The central components of the laser beacon encompass several crucial elements:

• The titanium container serves as the structural housing for the laser system.
• The internal aluminum mechanics provide the necessary framework for integrating the various components of the laser beacon.
• A connector enables underwater connectivity, facilitating both the power supply to the laser beacon and external communication.
• The glass rod, coupled with an attached diffuser, effectively scatters the laser light in the desired pattern, preventing the adverse effects of biofouling.
• The electronics component is responsible for supplying power to the laser beacon’s elements. Additionally, it manages operations remotely using the I²C protocol. This control extends to functions such as switching the laser on/off, adjusting the laser emission frequency, and overseeing the filtering level of the electronic attenuator.
• At the heart of the system is the laser itself, specifically a Q-switched Nd-YAG laser, which serves as the primary component responsible for emission.
• An electronic attenuator is integrated to modulate the intensity of the laser beam emitted by the Q-switched Nd-YAG laser.

3. Batteries

One of the key components of the laser beacon is the battery system. The power available in the NEMO tower was not enough to flash the laser, so a battery system was included in the laser beacon. This system can be operated normally, as only a few minutes of operation per week are required. Several models of batteries were analyzed, and finally, the Ni-MH (nickel–metal hydride) [15,16] model was chosen, mainly due to the following reasons:

• Although they have a lower charge density than Li-Ion [17,18] and Li-Po batteries [19,20], Ni-MH batteries do not need a protection circuit to maintain safe operation, reducing the complexity of the circuit.
• They tolerate maintaining a charge even when fully charged, without the need for discharging or half-charging before storage, as required by other technologies.
• They are more economical and ecological than Ni-Cd [21,22] batteries since they do not contain highly polluting cadmium.
• The primary limitation stems from the need to charge using a current that is less than 10% of the load. In this specific scenario, this requirement is indeed an advantage, as it is mandatory to limit the load current due to the input power supplied to the laser beacon being limited to 12 V at 200 mA.

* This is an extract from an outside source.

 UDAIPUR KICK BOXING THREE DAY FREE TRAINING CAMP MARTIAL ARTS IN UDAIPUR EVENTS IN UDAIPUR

The final rechargeable batteries chosen were the Supreme from Duracell, which are Ni-NM cells with a capacity of 2450 mAh and a voltage of 1.2 V. The main characteristics of the battery are shown in

Table 1. Specifications of the battery chosen for the NEMO laser beacon.

Property	Value	Units
Battery Type	Ni-MH 2450 mAh, AA
Battery Capacity	2450	mAh
Battery Voltage	1.2	V
Manufacturing Technology	Nickel–metal hydride
External Diameter	14.5	mm
External Height	50.5	mm
Weight	28	g

. To supply enough power to the laser, the battery has to include at least 10 elements or cells, each with a voltage of 1.2 volts. Each cell has a nominal unloaded state value of 1.2 volts; as it charges, this voltage value increases up to 120% of the nominal value. This increase can be seen in Figure 2.

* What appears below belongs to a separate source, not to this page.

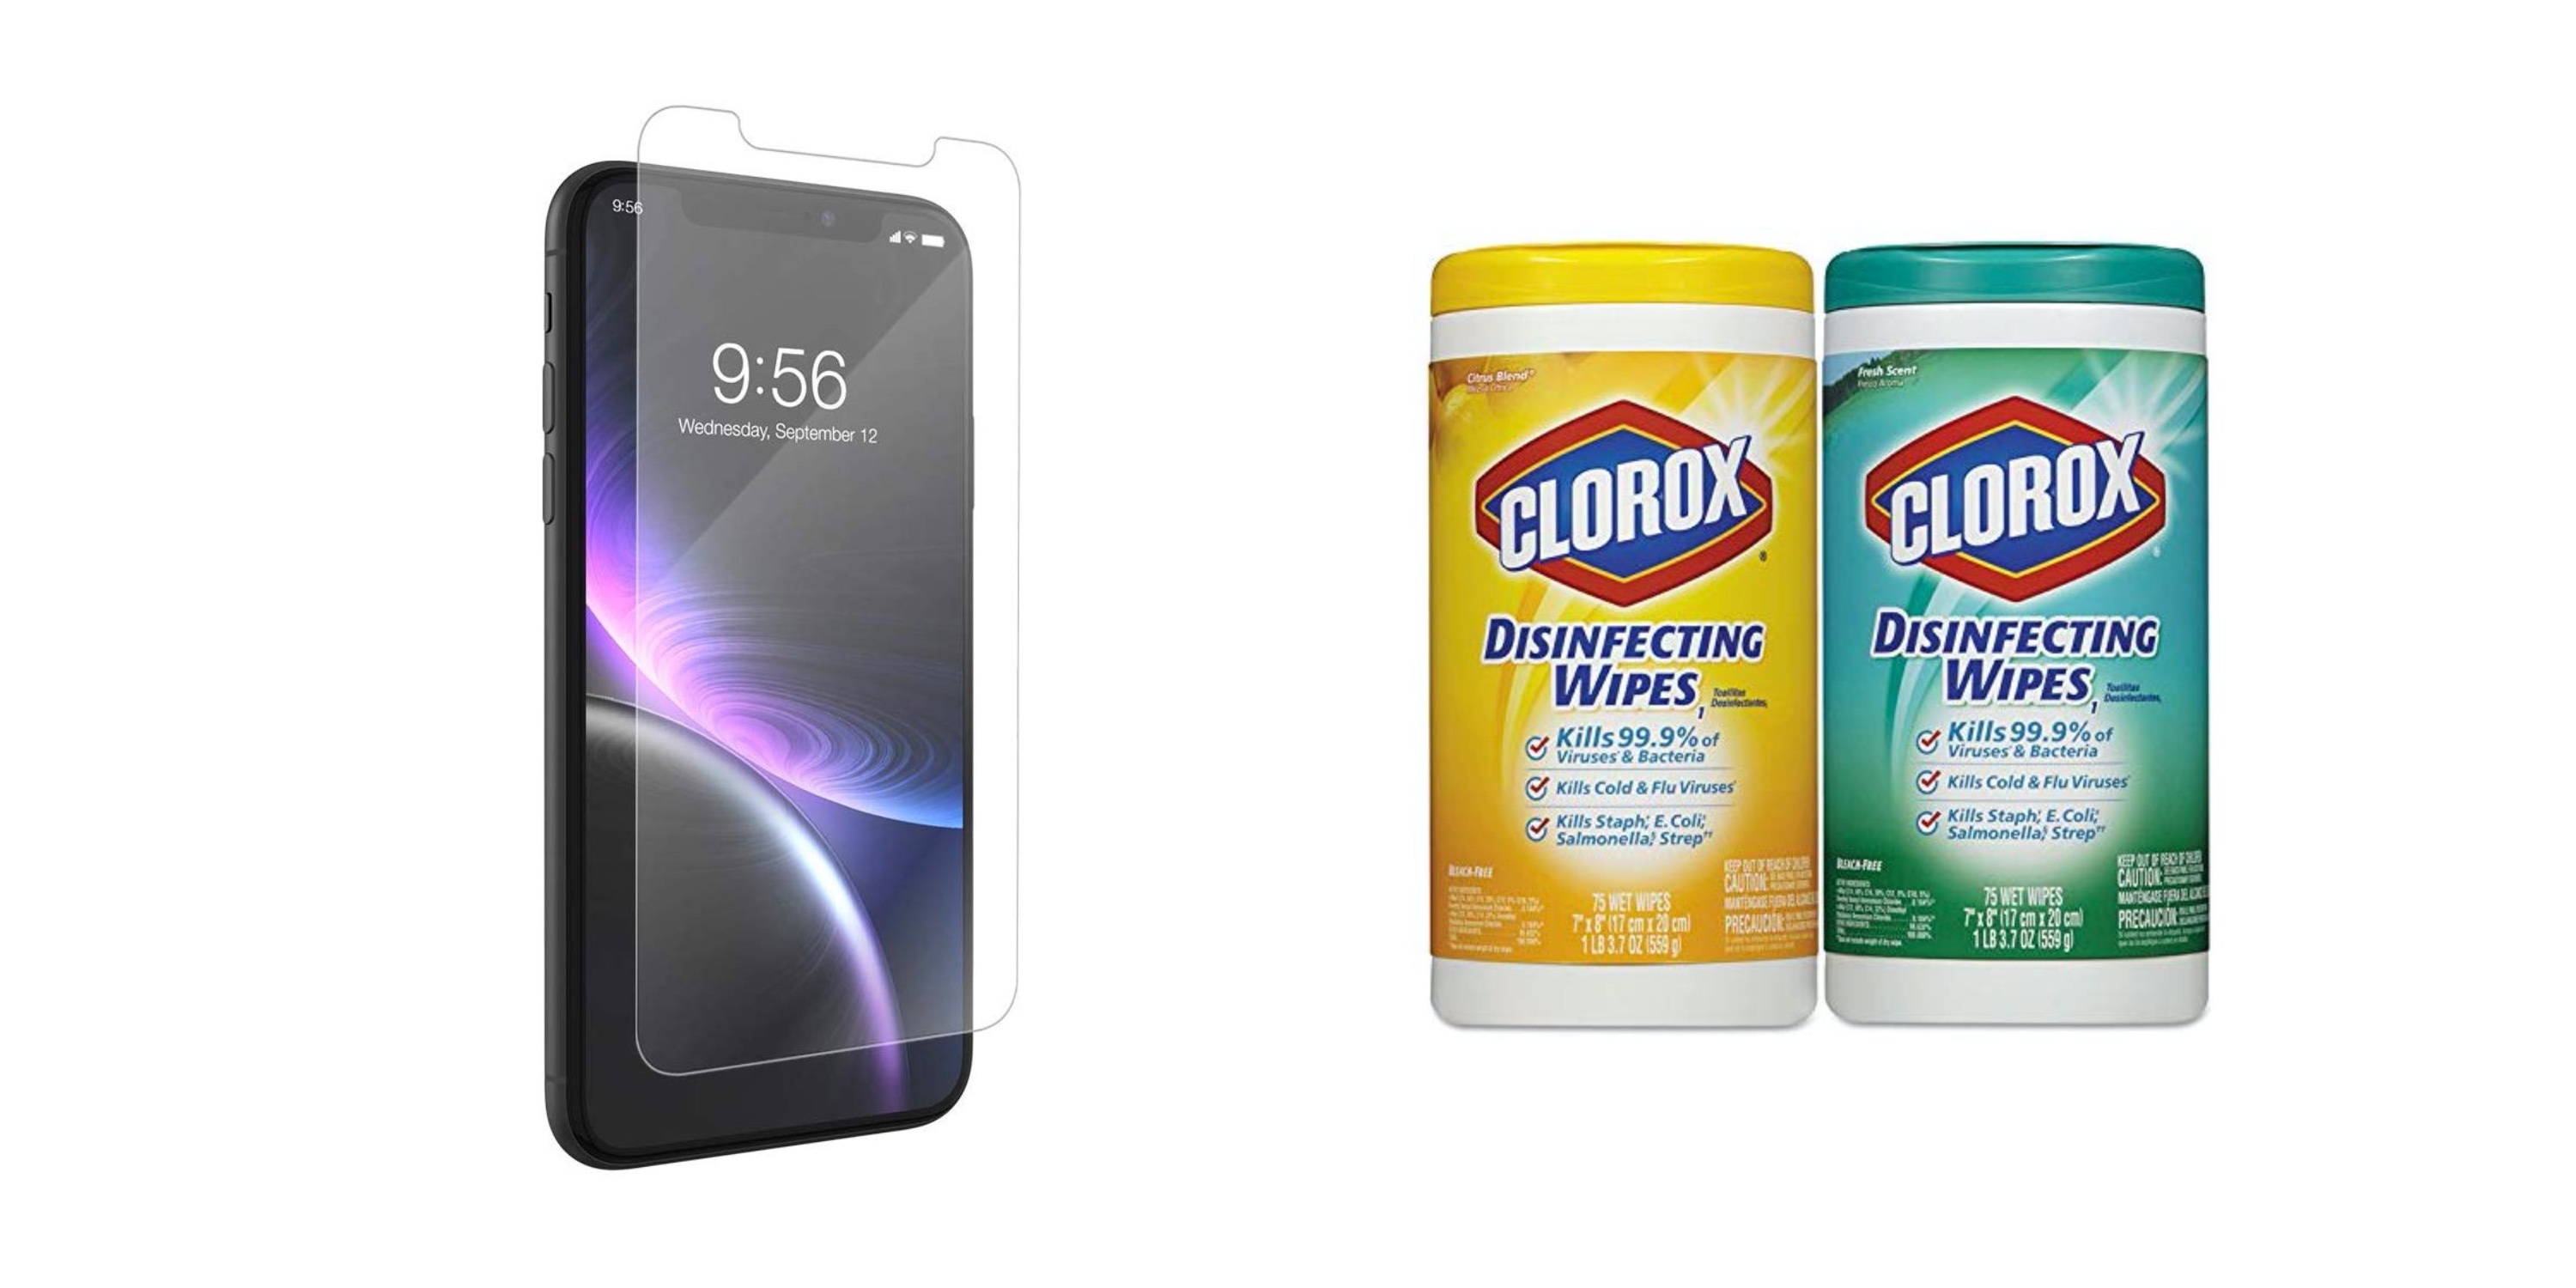 How to clean sanitize iPhone walkthrough

Therefore, the battery formed by ten cells will have a nominal voltage of 12 V, which will increase up to 14.4 V when the battery is fully charged. The current should not exceed 10% of its capacity. Maintaining the ambient temperature within the range of −20 °C to 60 °C is necessary. Considering that the temperature at the seabed remains stable at 13 °C, this criterion should be met when deployed.

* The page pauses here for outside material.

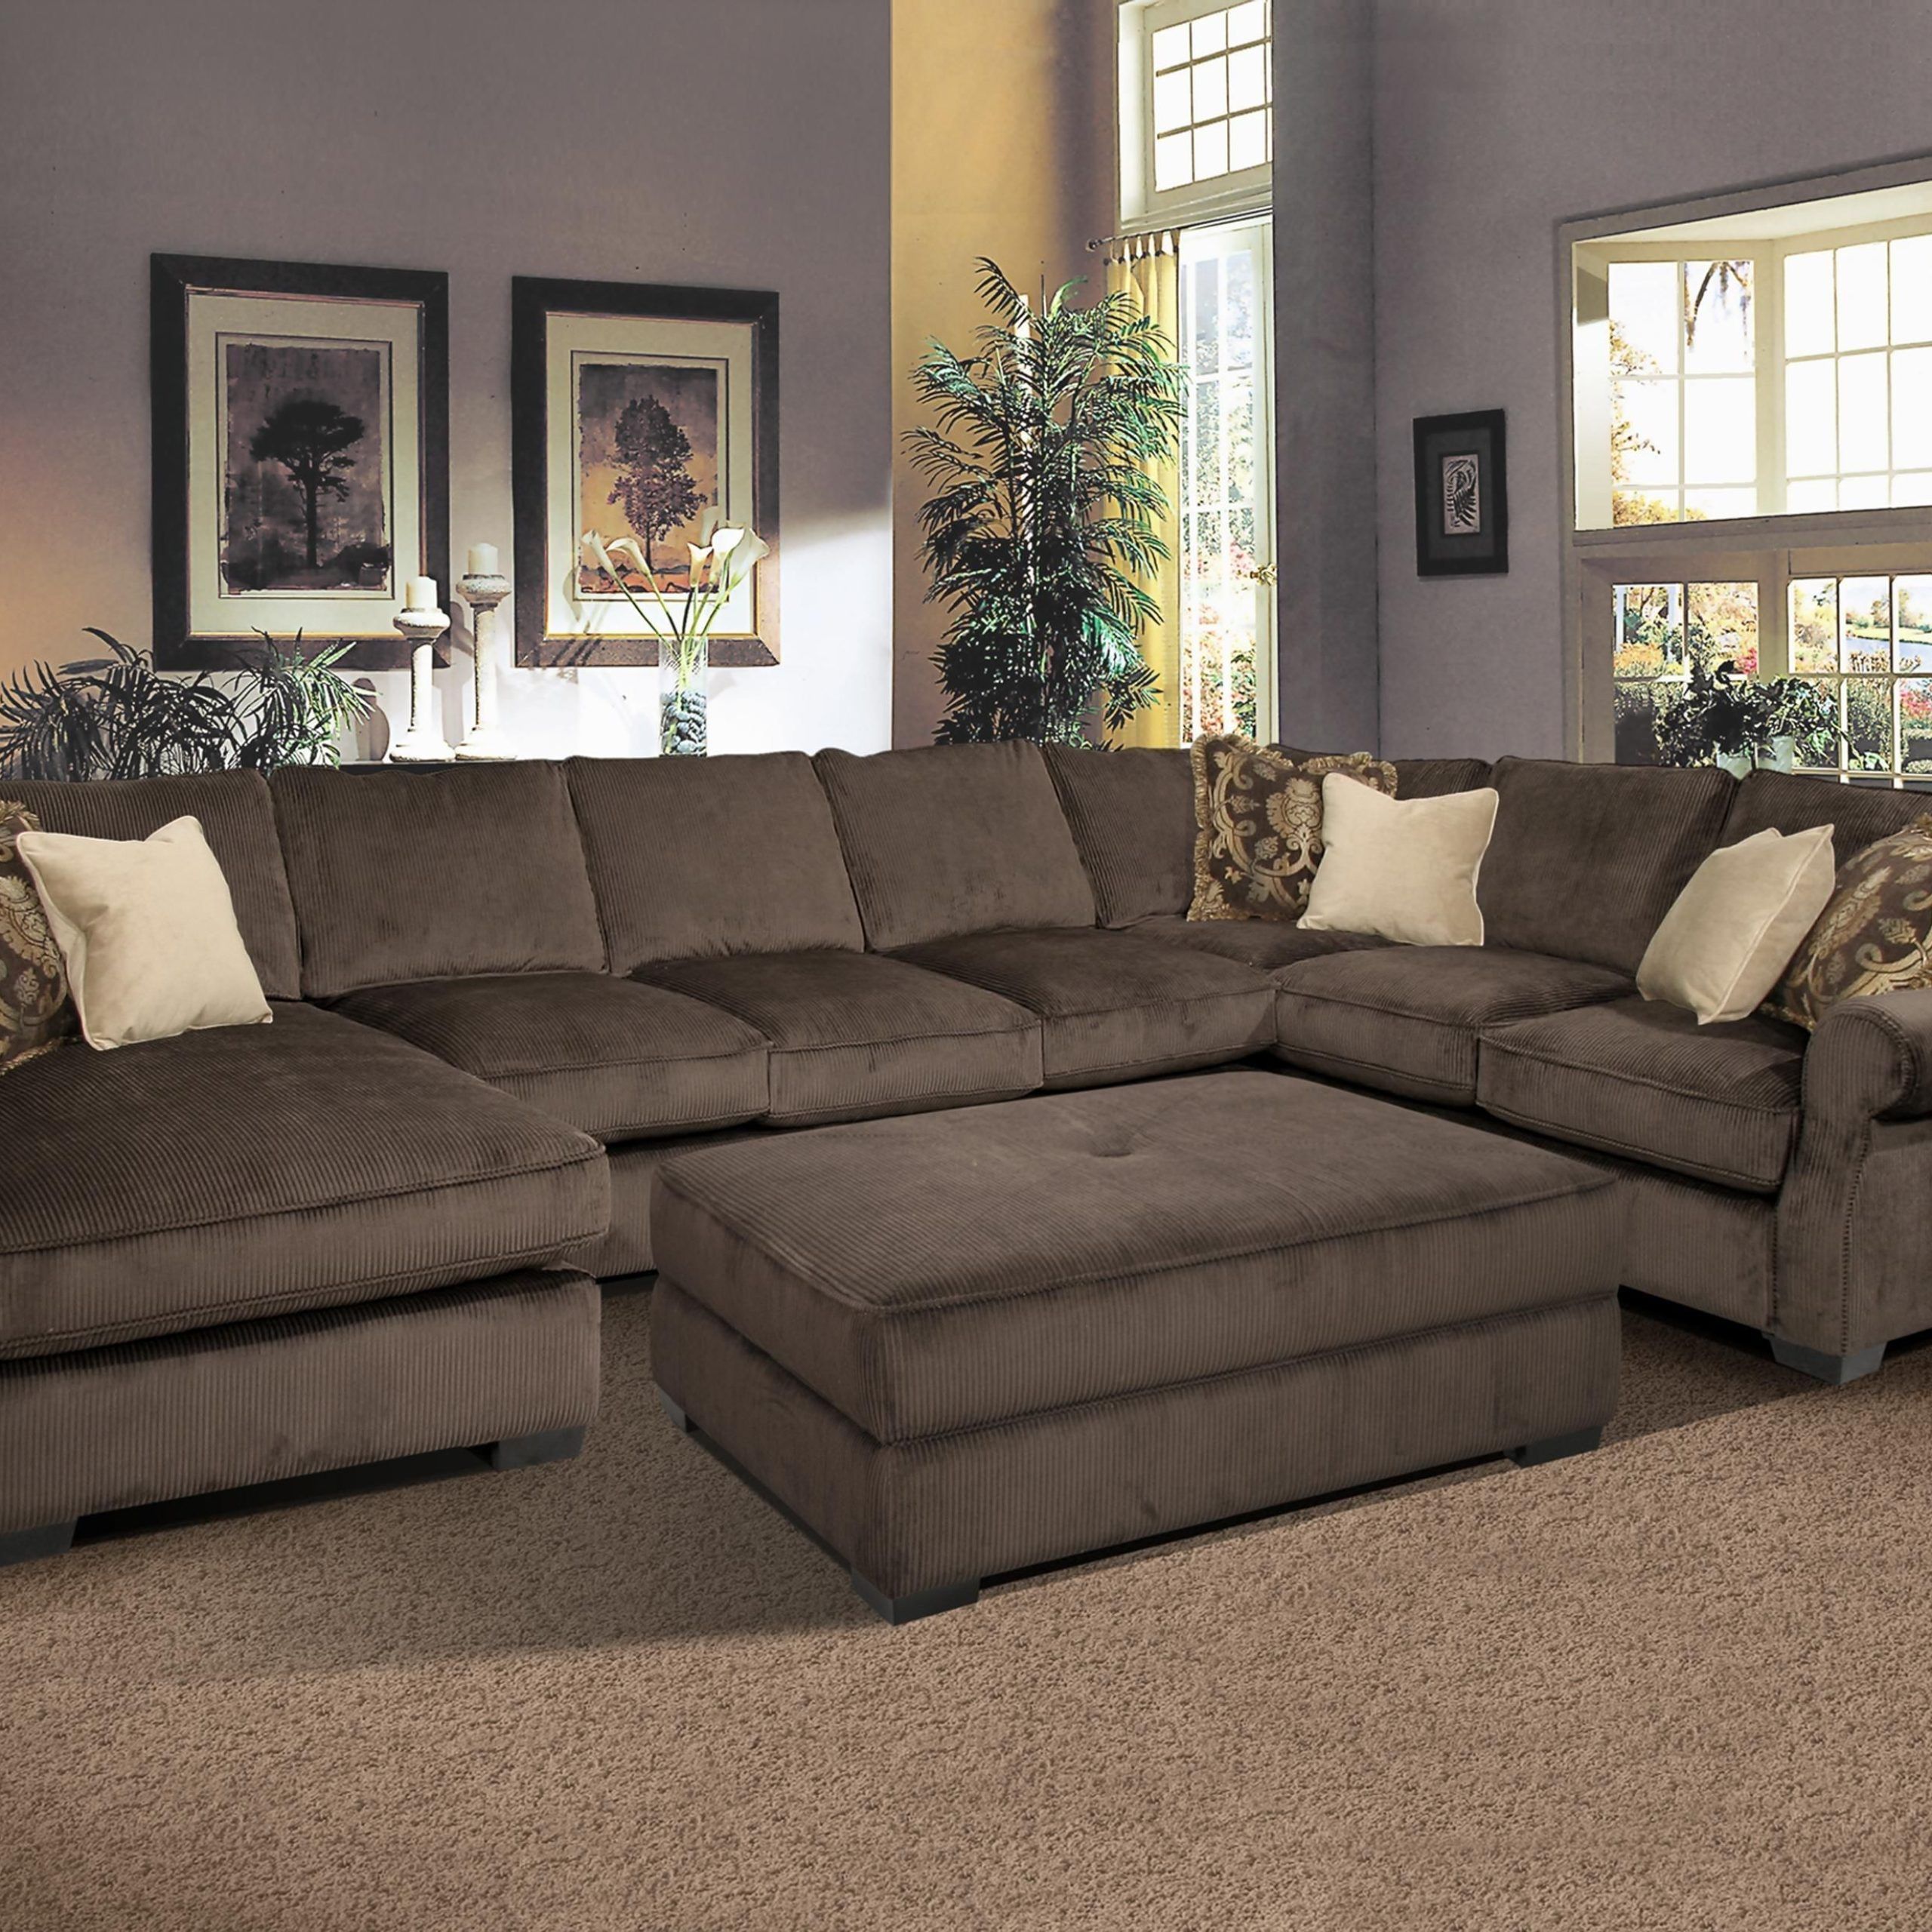 10 Collection Of Sectionals With Oversized Ottoman | Sofa Ideas Regarding Sofas With Ottomans (Gallery 1 of 20)

The maximum charging current is then limited to 245 mA. The minimum charging current is limited by the requirements, which specify that the battery should be completely loaded within 72 h. To achieve this requirement, the minimum charge current has to be higher than 34 mAh. This category of rechargeable battery exhibits varying discharge times, influenced by the voltage required from the battery and the discharge current. For the NEMO laser beacon, employing a battery composed of 10 cells will result in a demanded current of under 1.5 A, ensuring operational longevity well beyond the required twenty-minute duration.

4. Diffuser

Encased within a titanium housing, the laser is positioned vertically, emitting its beam in an upward trajectory. This emitted beam is precisely directed toward a Lambertian diffuser, which is glued to the bottom of the glass rod. The ensuing interaction with the diffuser gives rise to a light-scattering phenomenon, thereby engendering an angular distribution characterized by a cosine law ($cos\left(\theta \right)$) as it emerges from the diffuser’s surface. The selected diffuser, procured from ORIEL, has a diameter measuring 25 mm. The theoretical angular distribution, a function of the diffuser’s inherent properties, is visually represented in Figure 3 (left). In a strategic measure to mitigate the potential risks of laser damage arising from self-reflection, the laser beam is deliberately inclined at a slight angle relative to the vertical axis. Empirical examinations conducted within the laboratory environment have conclusively demonstrated that this minor inclination does not impact the resultant light distribution. The empirical insights gathered through the deployment of the laser head in tandem with the Newport optical meter model 1835C are shown in Figure 3 (right). These empirical observations validate the theoretical underpinnings with empirical evidence.

5. Electronics Attenuator

In view of the inherent lack of controllability over the laser’s light intensity, the incorporation of a tunable optical filter emerges as a requisite strategy to encompass the entire spectrum of energy [23]. This functionality is facilitated using an optical attenuator, a pivotal component comprising two distinct elements:

• Meadowlark Optics Liquid Crystal Polarizer, Model LVR-100-532: By modulating the voltage applied to the polarizer, the molecular alignment within the crystal can be selectively adjusted, thereby effecting a controlled shift in the polarization orientation of the incident light.
• Beam-Splitter Polarizing Cube of Newport, Model 05FC16PB: Comprising a pairing of right-angle prisms, one of these prisms is coated with a specialized multilayer dielectric material. As the incoming light impinges upon the cube, it undergoes dichotomous separation, with p-polarized light being transmitted and s-polarized light being reflected.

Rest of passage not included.